All video adjustments are done on the projector side and I am using the Spears and Munchil BD calibration disk. I am planning on buying a calibration tool once I understand all these settings better.

Oppo BDP105 no video adjusments; I do get a full dynamic range in the white, red, blue and green channel. But the contrast in the white and green channel are the same but the contrast in the red (Cr) and blue (Cb) are less pronounced than in the white(Y) and I don’t seem to be able to fix this.

The clipping in the (Cyan color) xvYCC can be fixed by pushing up the general color control but this will result in clipping in the blue and red channels. The green channel seems to work the best in all these tests. The Oppo supports 36 bits, deep color, bt709 color space but it seems to be a little off with the bt709 color space if I may believe the Calibration disk. I do get a dark square in the BT.601 the White and in the BT.709, which there is no mentioning of in the manual so it seems it is not using the BT.601 or the BT.709. In the Chroma range check I am guessing to see the darker squares, but they are very faint and close to the very faint contrast level in the Cr and Cb channel.

Primare SPA22HD HDMI clipping; Running the HDMI signal through the Primare SPA22HD I have found some extreme clipping in the whites. Using the test disc I can say it is clipping the whites in the value range from 235 – 253. There is also a slight difference (better contrast) in the xvYCC “channel” compared to the Oppo.

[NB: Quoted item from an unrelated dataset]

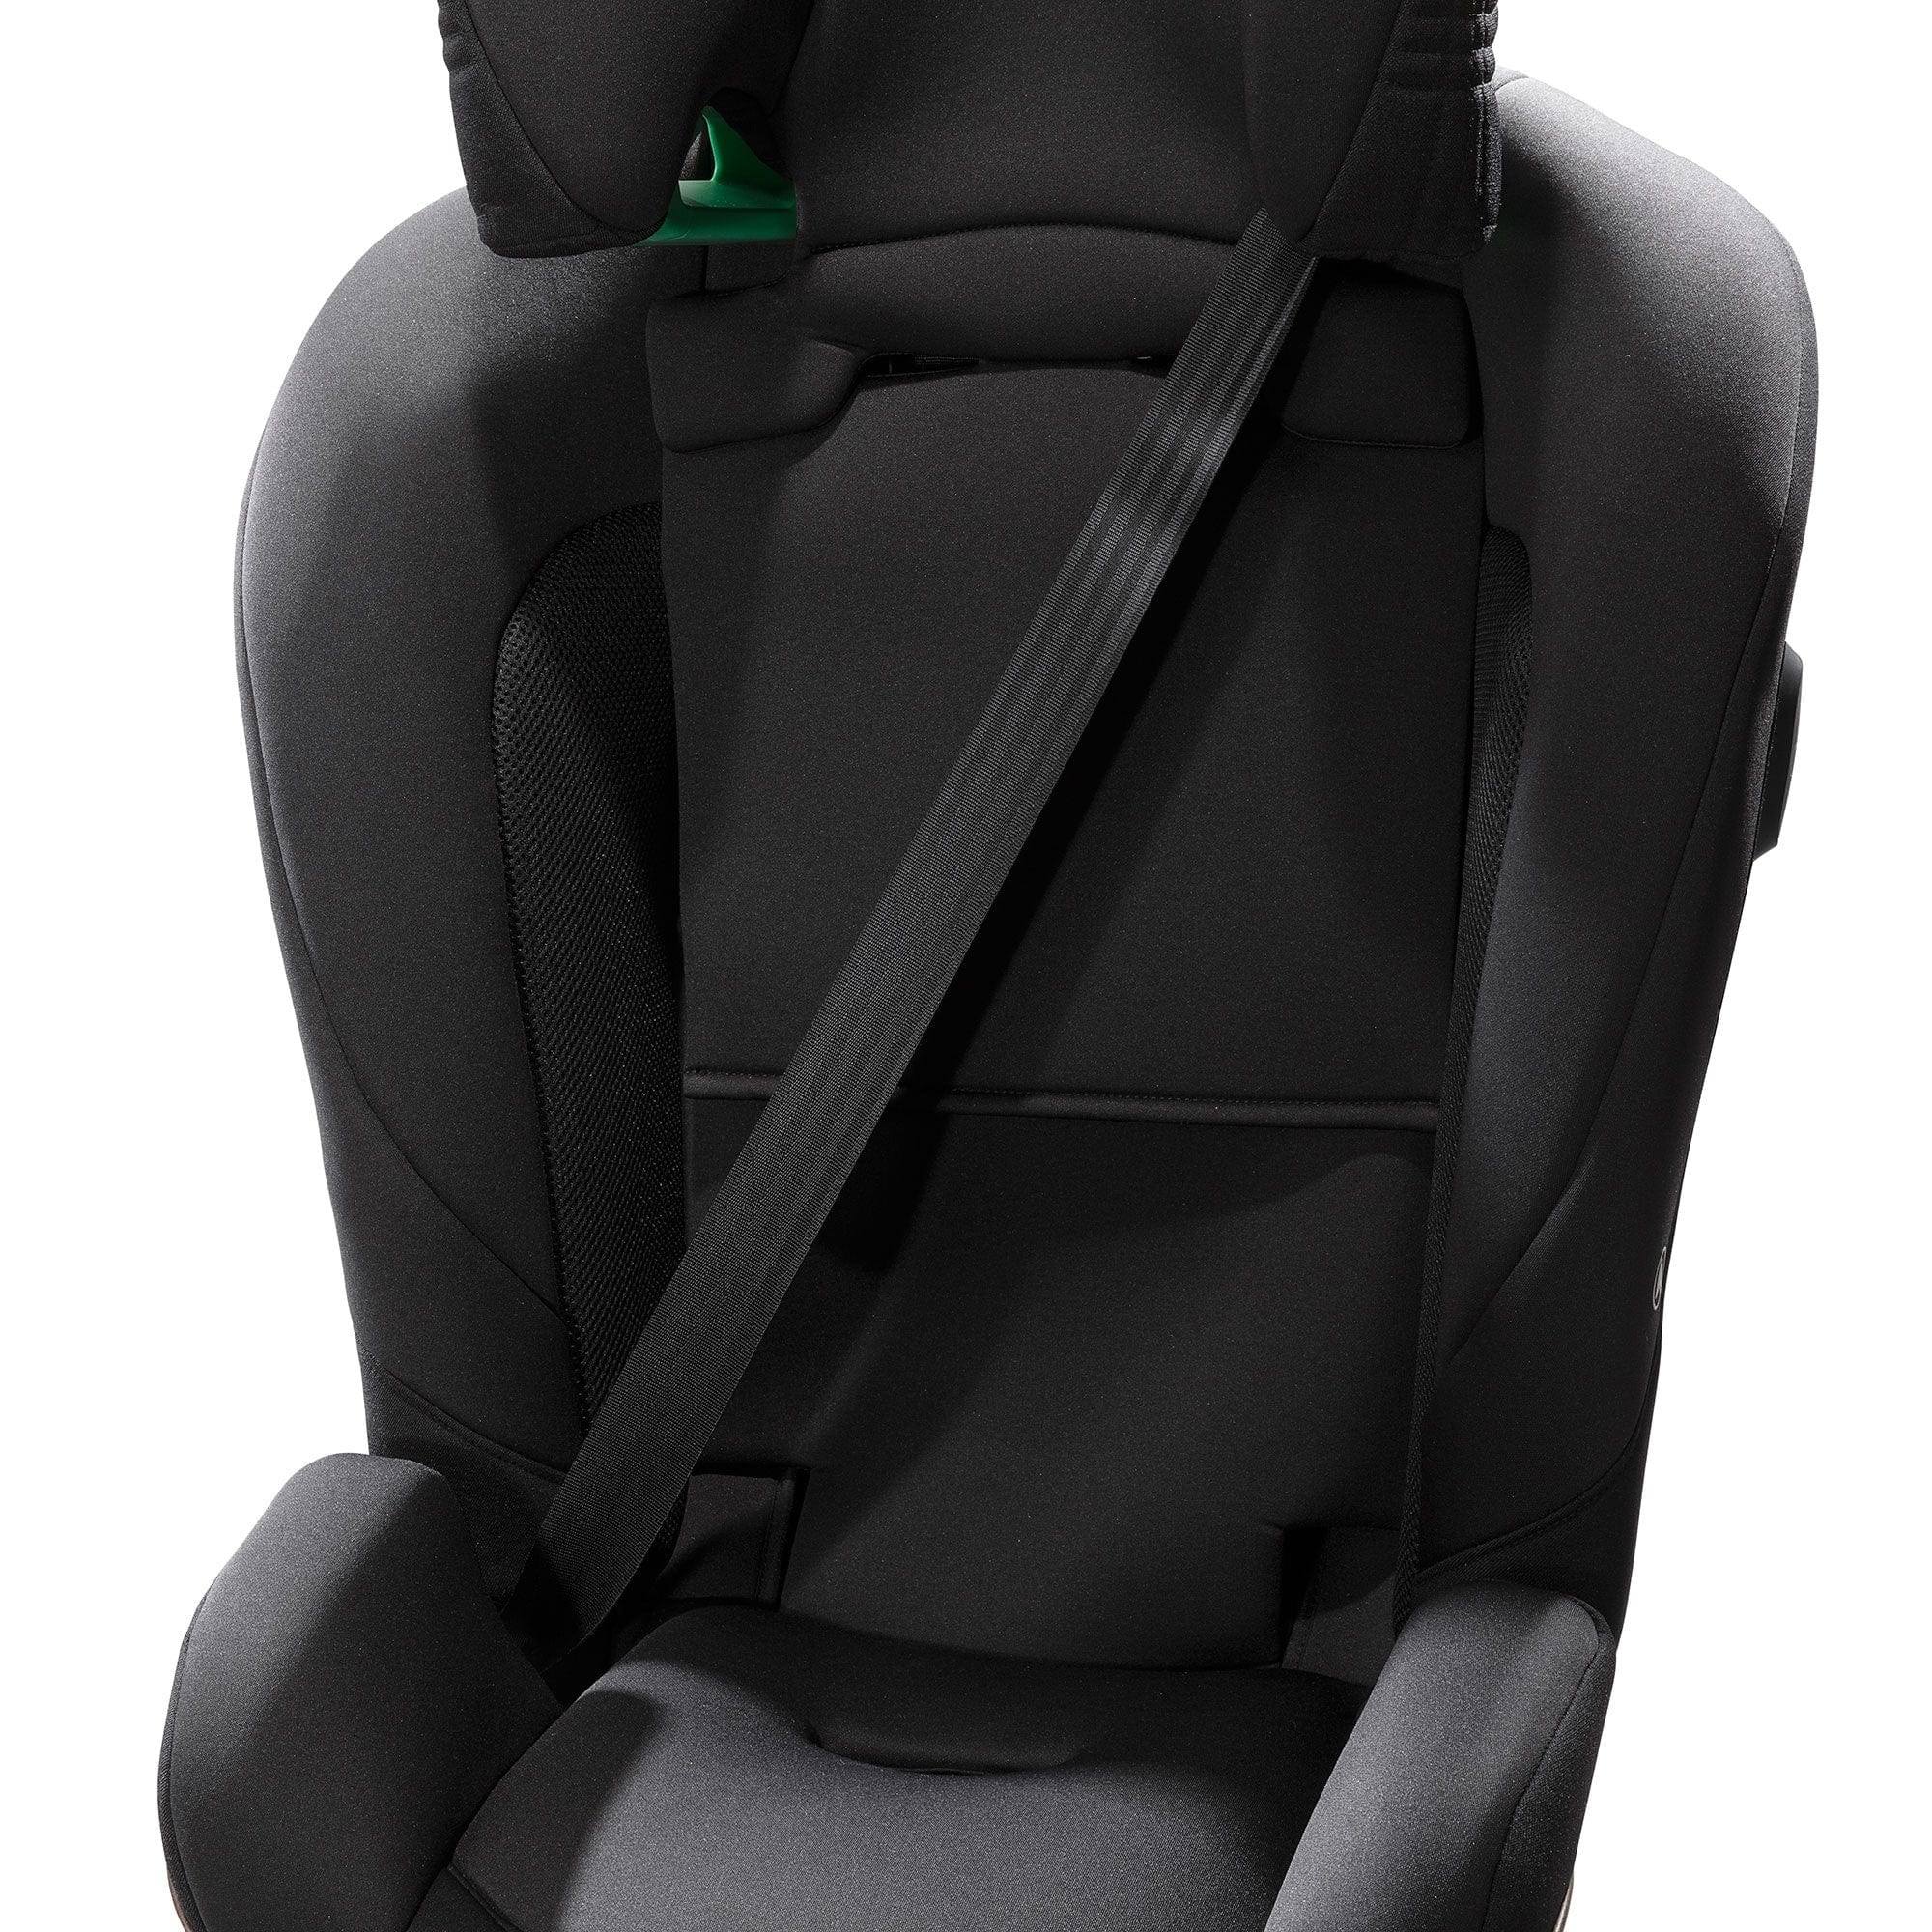 Joie i-Size car seats Joie i-Plenti i-size Car Seat in Eclipse C1908BAECL000

My Current setting for the Sony projector are; Brightness 51, Contrast 40, Color 48, Hue 60, Color Temp D65, RPC settings; Color Hue Brightnes, R 13 0 0, Y 15 -32 5, G 7 0 0, B 6 0 0, M 11 -18 21. I do get a really close color pallet when using the test disk and the color filters with the settings.

I am not sure what to make of all of this or which hardware could be optimized.


----------



## mechman (Feb 8, 2007)

Not sure what the question is but without a meter and software, you shouldn't really be messing with the Color - Hue - Brightness of each of the colors.


----------



## Primare Knob (Dec 4, 2014)

Not sure of it myself either.

It is my first attempt into setting up video and my first starting point.
I did compare it with another player which resulted into the same display issues as the Oppo.

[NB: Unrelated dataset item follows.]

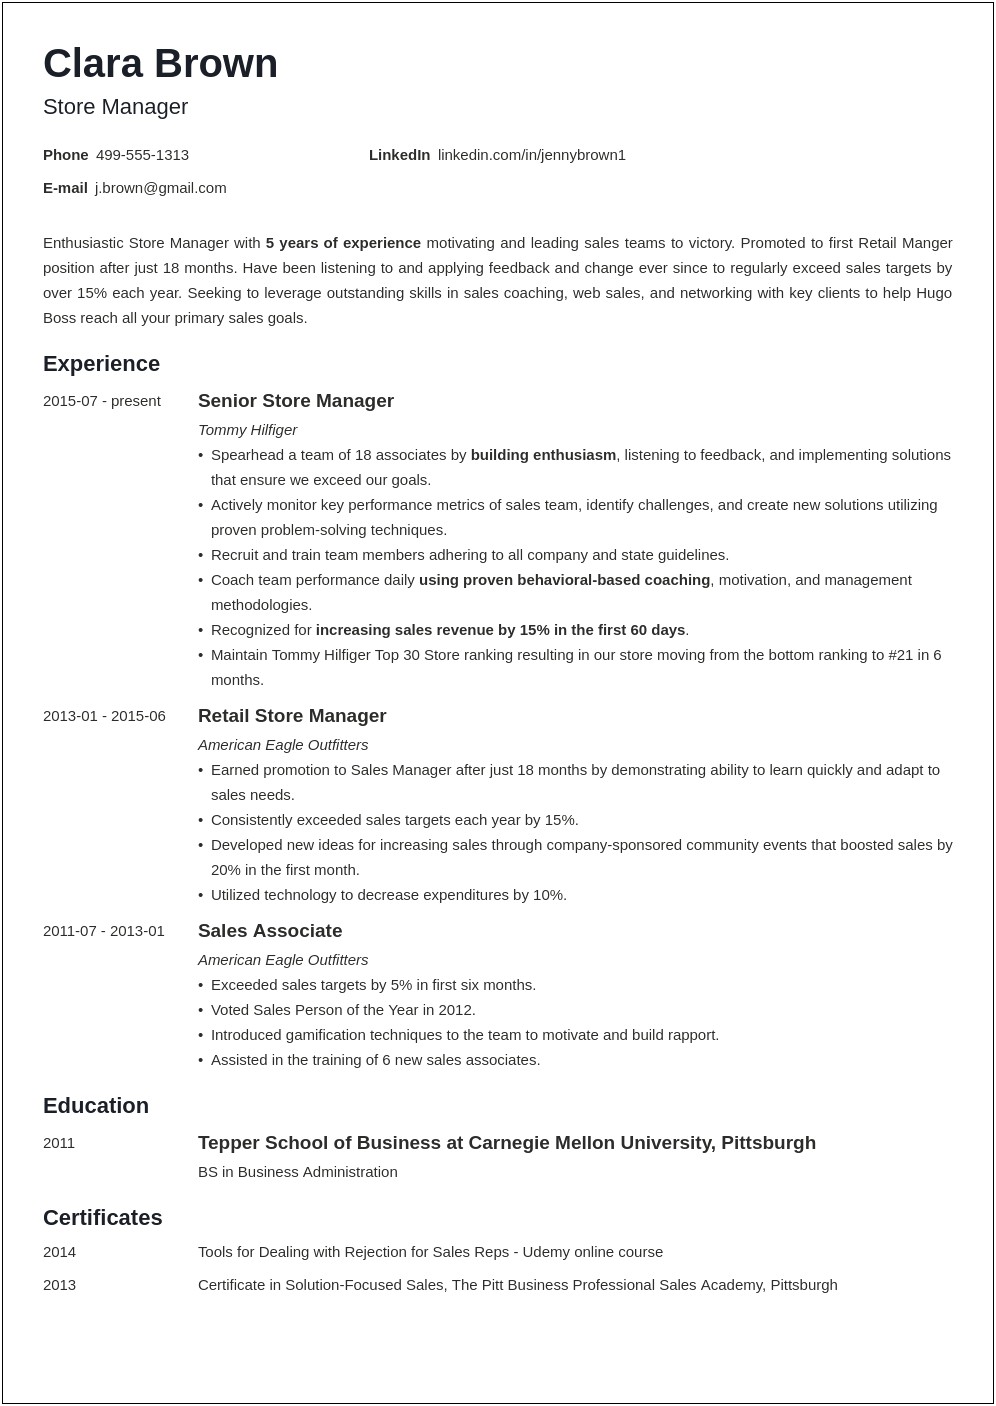 Floor Manager Description On Resume

That will either tell that the projector has some issues or limitations or the calibration disk. 

How much influence can a 10m HDMI cable have on the signal?


----------



## damonbrodie (Dec 10, 2014)

Primare Knob said:


> Not sure of it myself either.
> How much influence can a 10m HDMI cable have on the signal?


The signal over HDMI is a digital. If you're seeing a picture then it is working. If you get picture/sound drops then it will be noticeable.


----------



## selden (Nov 15, 2009)

Some projectors have a different range of color adjustments depending on the color encoding used in the input signal.

Most BD players can be configured to send the video signal over HDMI using any of three different color encodings: YUV 4:2:2, YUV 4:4:4 and RGB. I'm sure the Oppos have this same functionality, so you might try changing the encoding to see if it helps.


----------



## Primare Knob (Dec 4, 2014)

I did change the color output settings which made no difference. I think it has to do with the disc since the calibration on the Sony is pretty sweet outof the box according to reviews I have read. I am going to look around for a calibration tool and I hope to find one second hand to start with.

I have sold the Oppo since I plan to go all PC source from here on. There is still a cheap Sony BD player as backup which isn't bad with video either.


----------